If you could hand the task to a capable new hire with clear written instructions and get something useful back within a week, an AI agent can handle it. Your new hire can now spend that time on the work that actually builds expertise, like making complex decisions, building client relationships, and the technical judgment that takes years to develop. AI handles the repetitive work so your people can grow into the roles your operation needs them in.
The operations that adopt AI successfully do not start with a grand plan. They start with one problem worth solving. Here is where to begin:
Step | Action | Example |
|---|---|---|
| 1. Pick a workflow | Choose one where the pain is visible and the output is measurable | Cylinder break reporting, submittal assembly, batch data consolidation |
| 2. Set a baseline | Measure before you start | Hours per week, turnaround time, error or rework rate |
| 3. Introduce AI assist | Add AI to the workflow without removing human review | AI drafts the report, technician reviews and approves |
| 4. Measure at 30 days | Track what actually changed | Time saved, rework reduction, team satisfaction with the tool |
| 5. Make a call | Scale it, refine it, or move on | Base the decision on data, not gut feel |
The Data Foundation
There is one thing AI cannot fix on its own, and it is worth saying plainly. The quality of AI output depends entirely on the quality of data going in.
This can look like batch tickets that are logged inconsistently, placement data that does not align with break results, environmental records that rely on weather forecasts rather than in-place readings, and non-conformance records that note that a problem occurred without tracing its source. These gaps do not disappear when you add AI. They get amplified.
AI is not a gimmick. It is infrastructure you install, and installation is a leadership act.

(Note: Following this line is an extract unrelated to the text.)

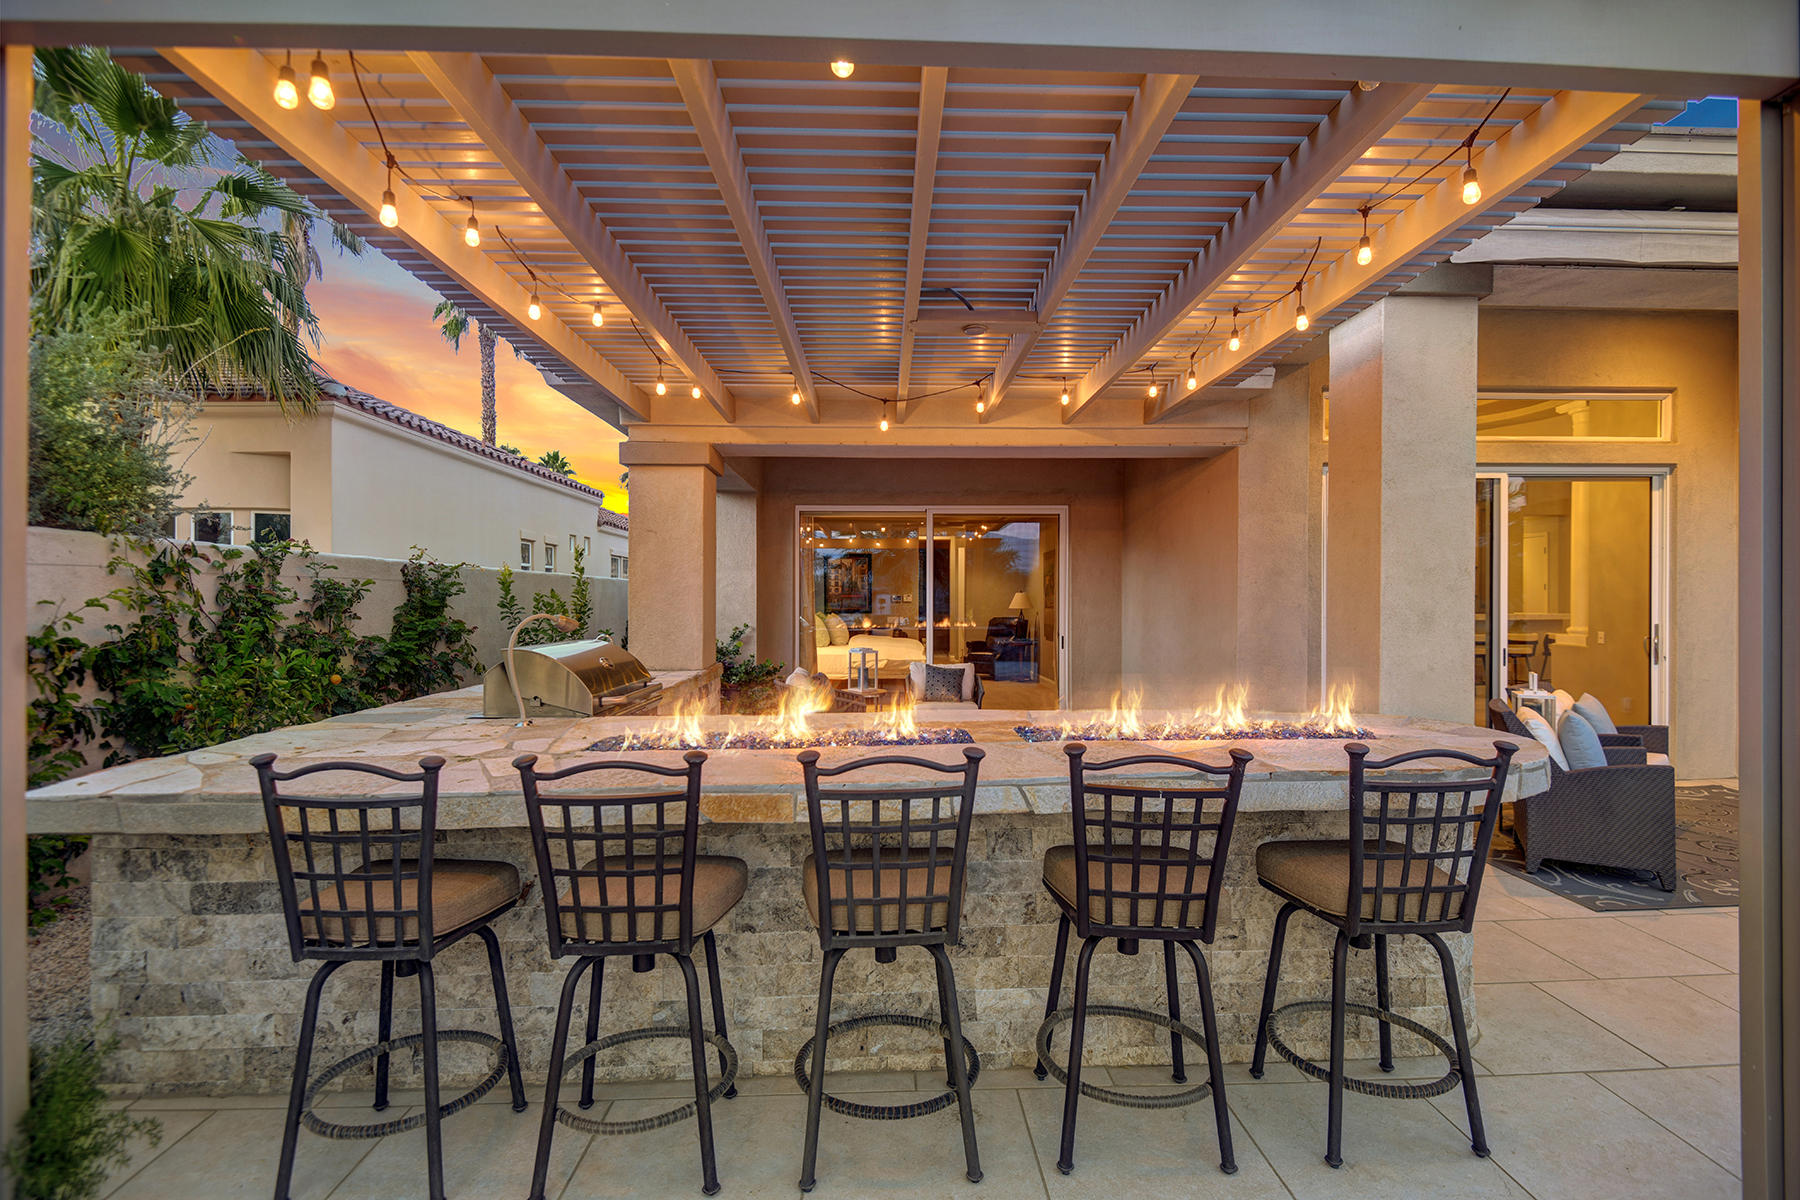 81695 Tiburon Drive, La Quinta, California 92253, 3 Bedrooms Bedrooms, ,4 BathroomsBathrooms,Residential,For Sale,81695 Tiburon Drive,219036796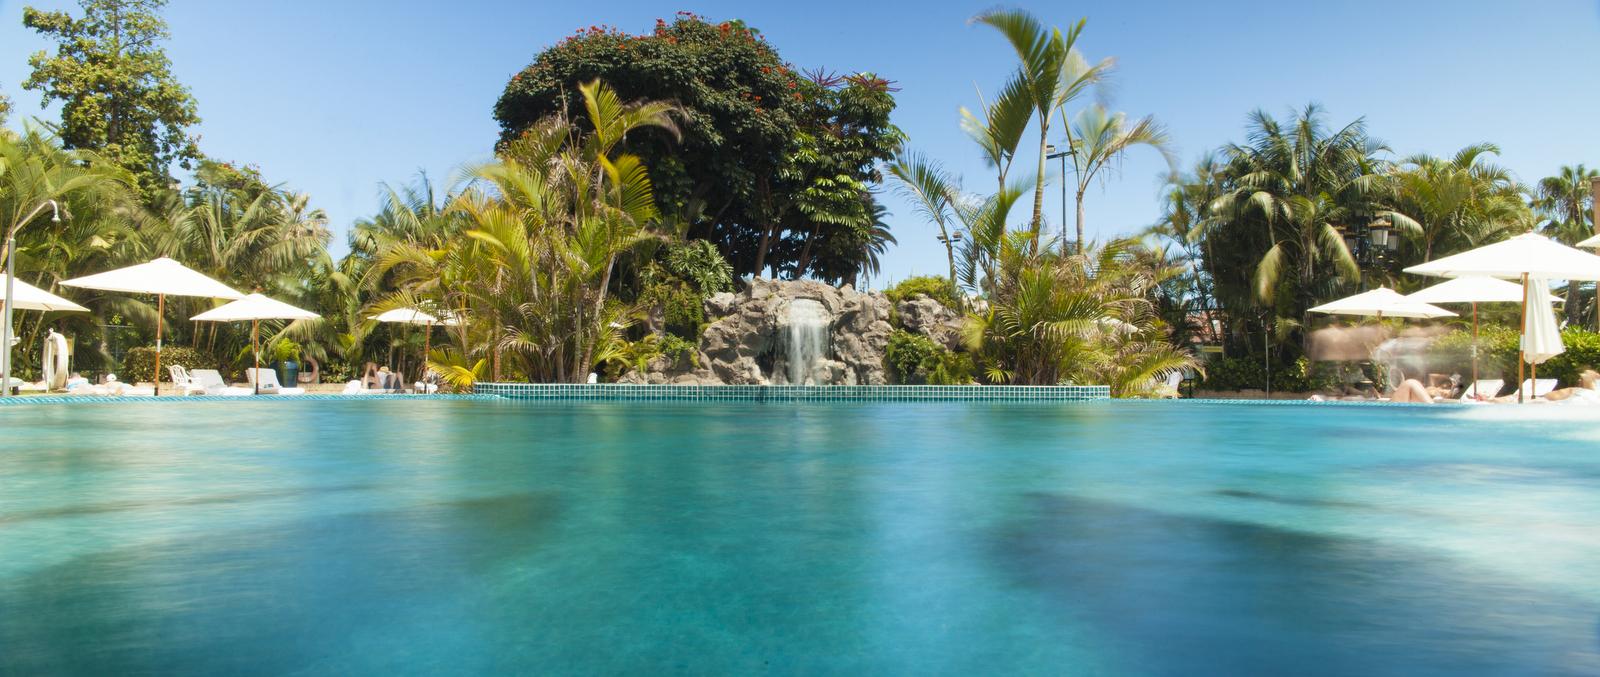 hotel-botanico-tenerife-pool

The contractors who move through the adoption curve fastest are almost always the ones with data discipline that predates AI. Good QC managers have always kept these records. The difference now is that when the data is structured and connected across systems, AI can actually use it, such as surfacing patterns, flagging variability, and recommending adjustments grounded in what is actually happening across the operation rather than what one system happens to track.
If your operation has data gaps, the honest path is to audit them before deployment starts. Knowing where the gaps are upfront means you can plan for them. Discovering them mid-rollout, when the team is already skeptical, is a much harder problem to manage.
Leadership: The Variable That Changes the Outcome
AI is not a gimmick. It is infrastructure you install, and installation is a leadership act. The technology will keep improving on its own. Preparing your organization to use it well will not.
This industry has navigated hard transitions before: prefabrication, GPS-guided equipment, performance-based specifications, wireless concrete monitoring. Each one required a leader to guide the organization to learn something new, absorb the discomfort of the early phase, and come out more capable on the other side.
Concrete has not changed. The way we work with it is about to. The companies that set the pace will not be the ones that waited for the dust to settle. They will be the ones that started with their people.